> _MATERIAL TO PROCESS_
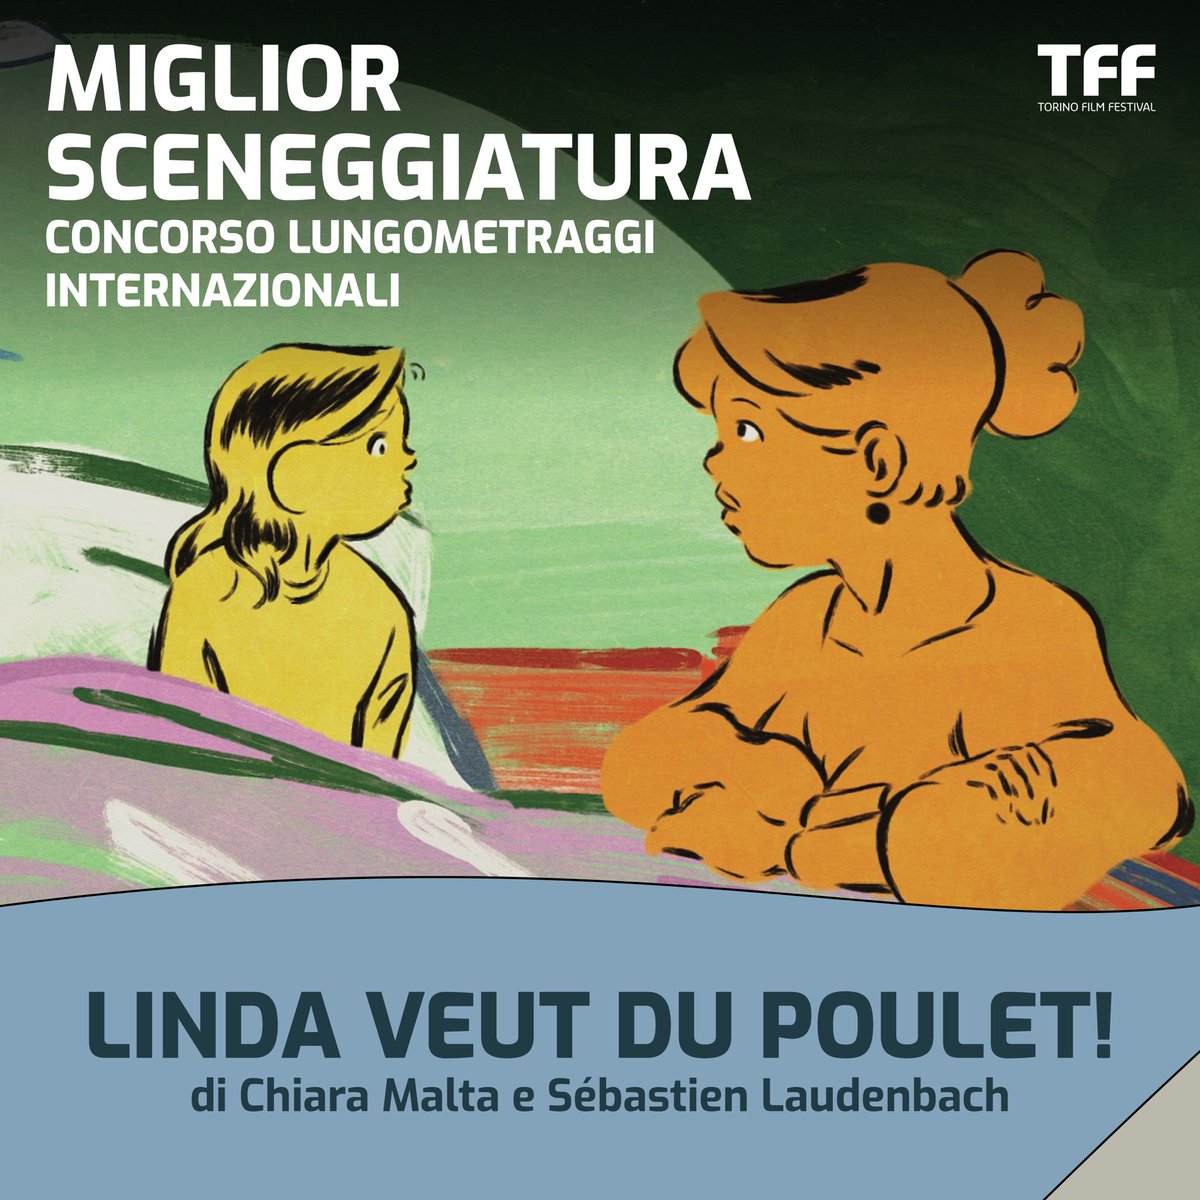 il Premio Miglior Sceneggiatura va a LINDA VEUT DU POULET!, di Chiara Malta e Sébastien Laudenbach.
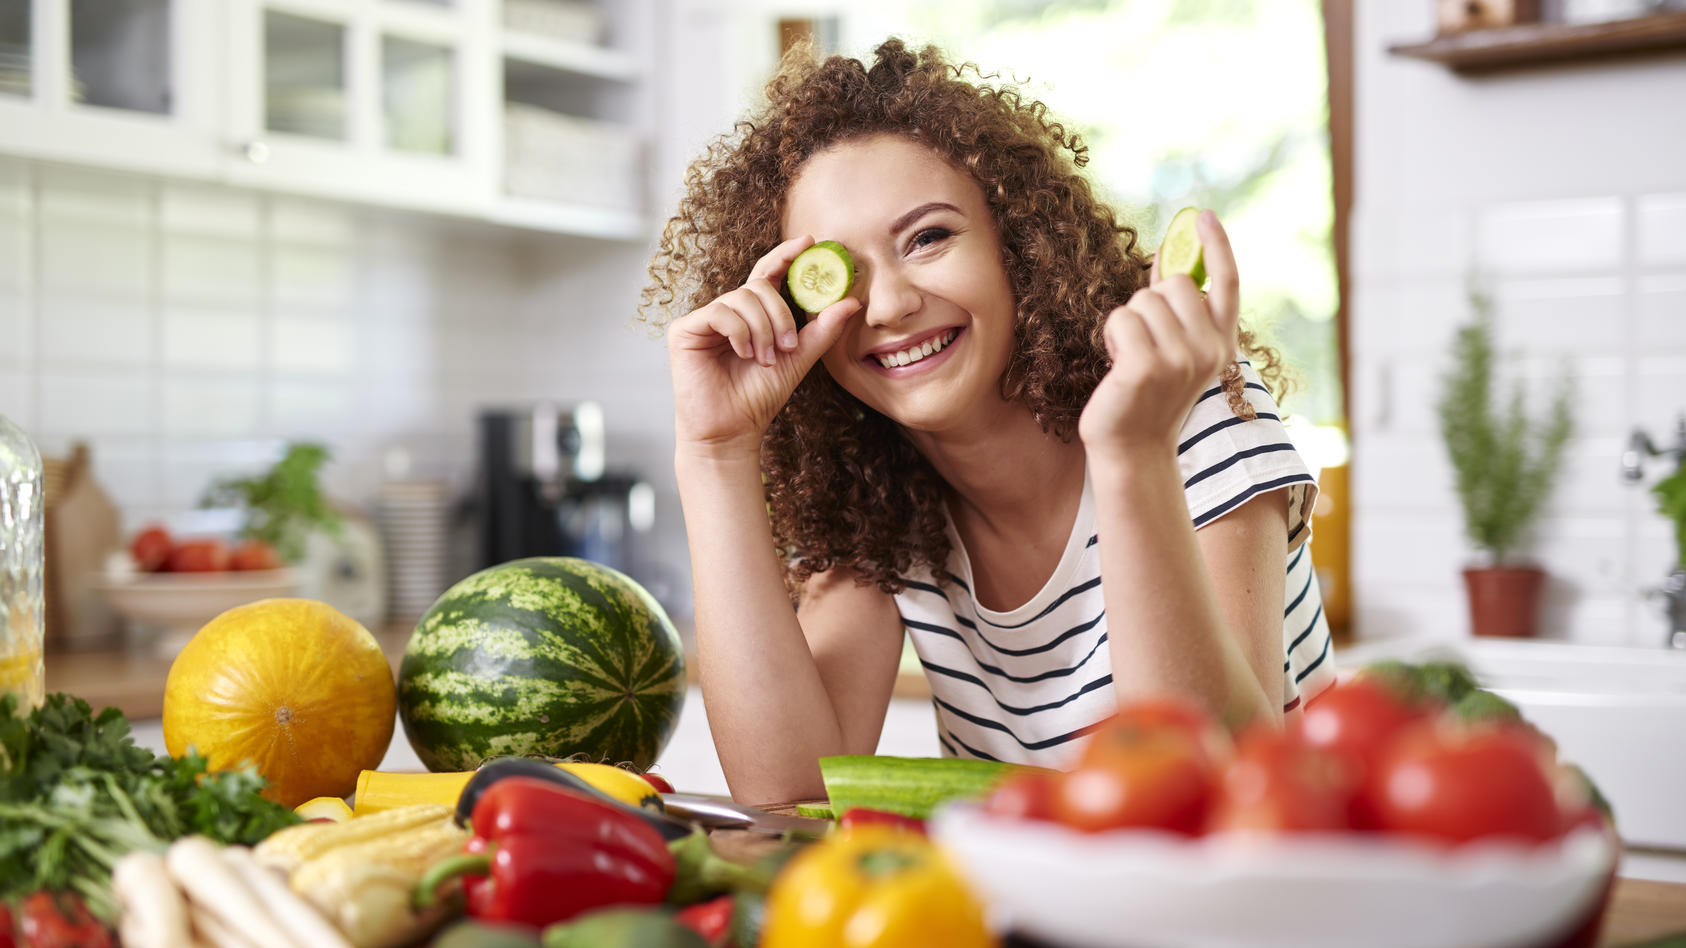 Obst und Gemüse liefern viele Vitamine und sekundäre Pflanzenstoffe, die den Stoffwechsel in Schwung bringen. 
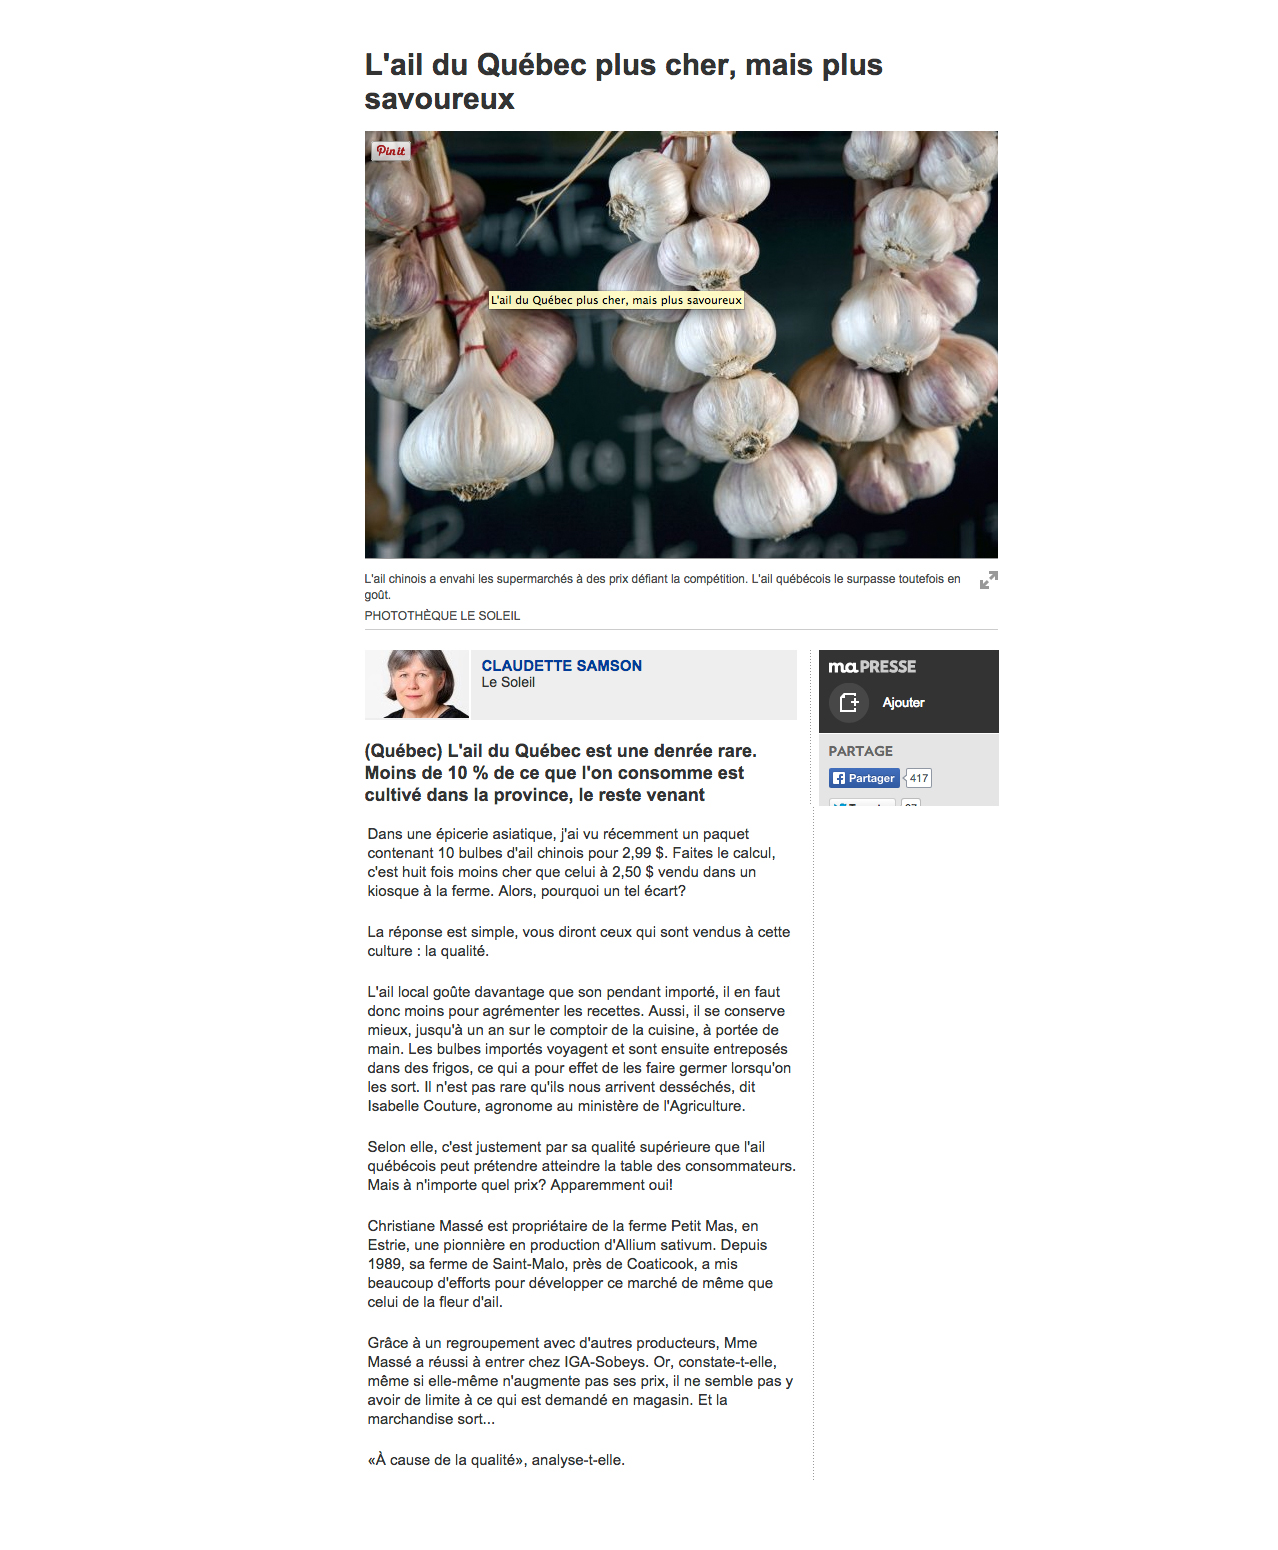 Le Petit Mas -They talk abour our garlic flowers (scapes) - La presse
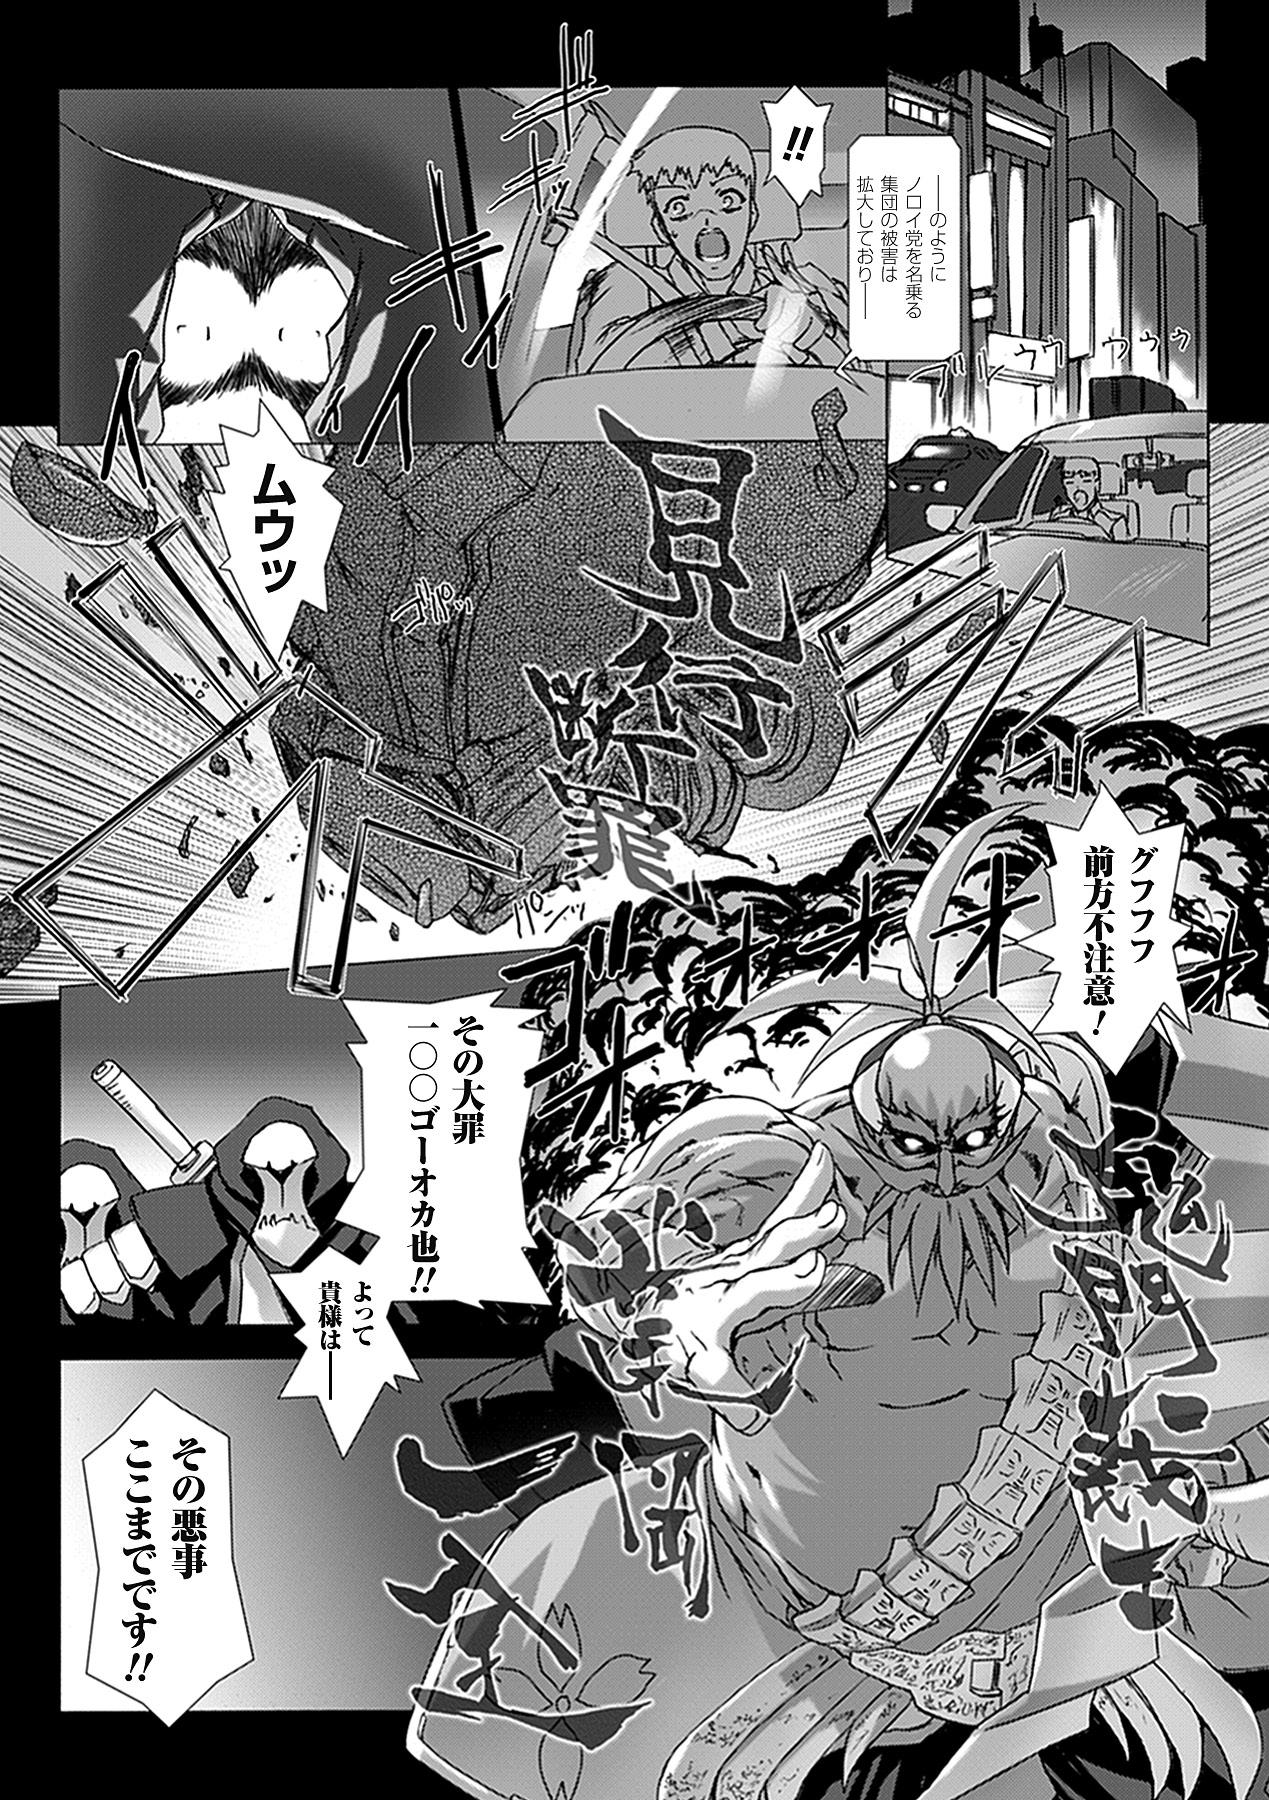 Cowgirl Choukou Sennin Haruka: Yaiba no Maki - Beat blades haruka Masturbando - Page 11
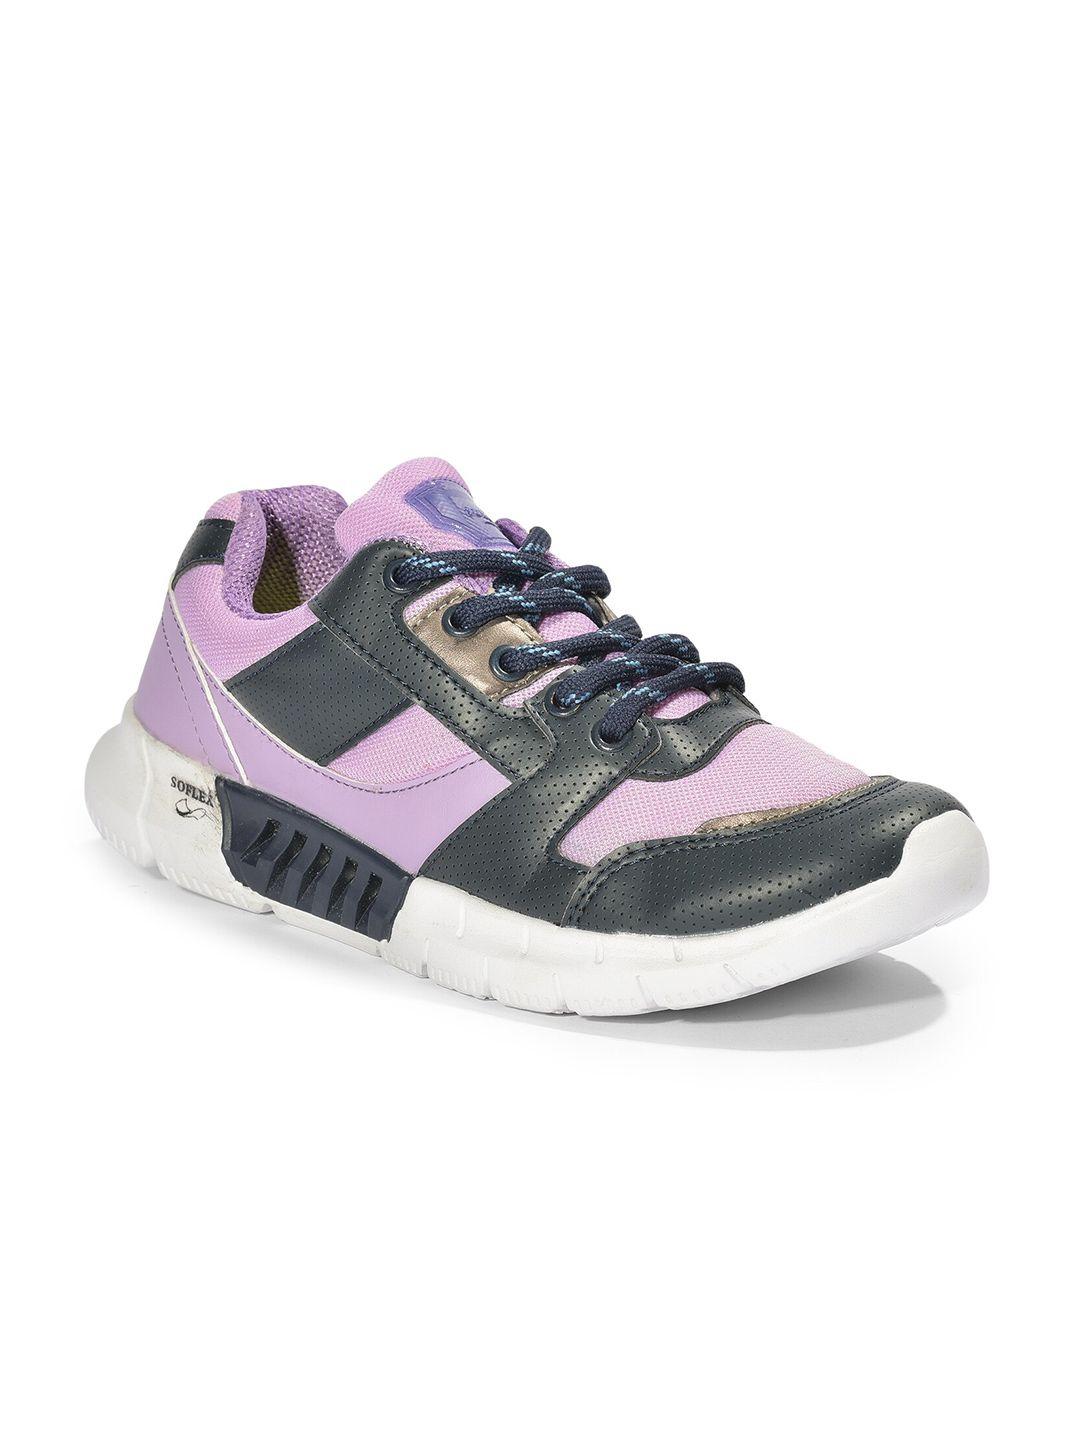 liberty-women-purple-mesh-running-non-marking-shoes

> _INSTRUCTIONS FOR THE TASK_
Set down every entry above exactly as written, but skip the pictures.

> _ANSWER_
 il Premio Miglior Sceneggiatura va a LINDA VEUT DU POULET!, di Chiara Malta e Sébastien Laudenbach.
 Obst und Gemüse liefern viele Vitamine und sekundäre Pflanzenstoffe, die den Stoffwechsel in Schwung bringen. 
 Le Petit Mas -They talk abour our garlic flowers (scapes) - La presse
 Cowgirl Choukou Sennin Haruka: Yaiba no Maki - Beat blades haruka Masturbando - Page 11
 liberty-women-purple-mesh-running-non-marking-shoes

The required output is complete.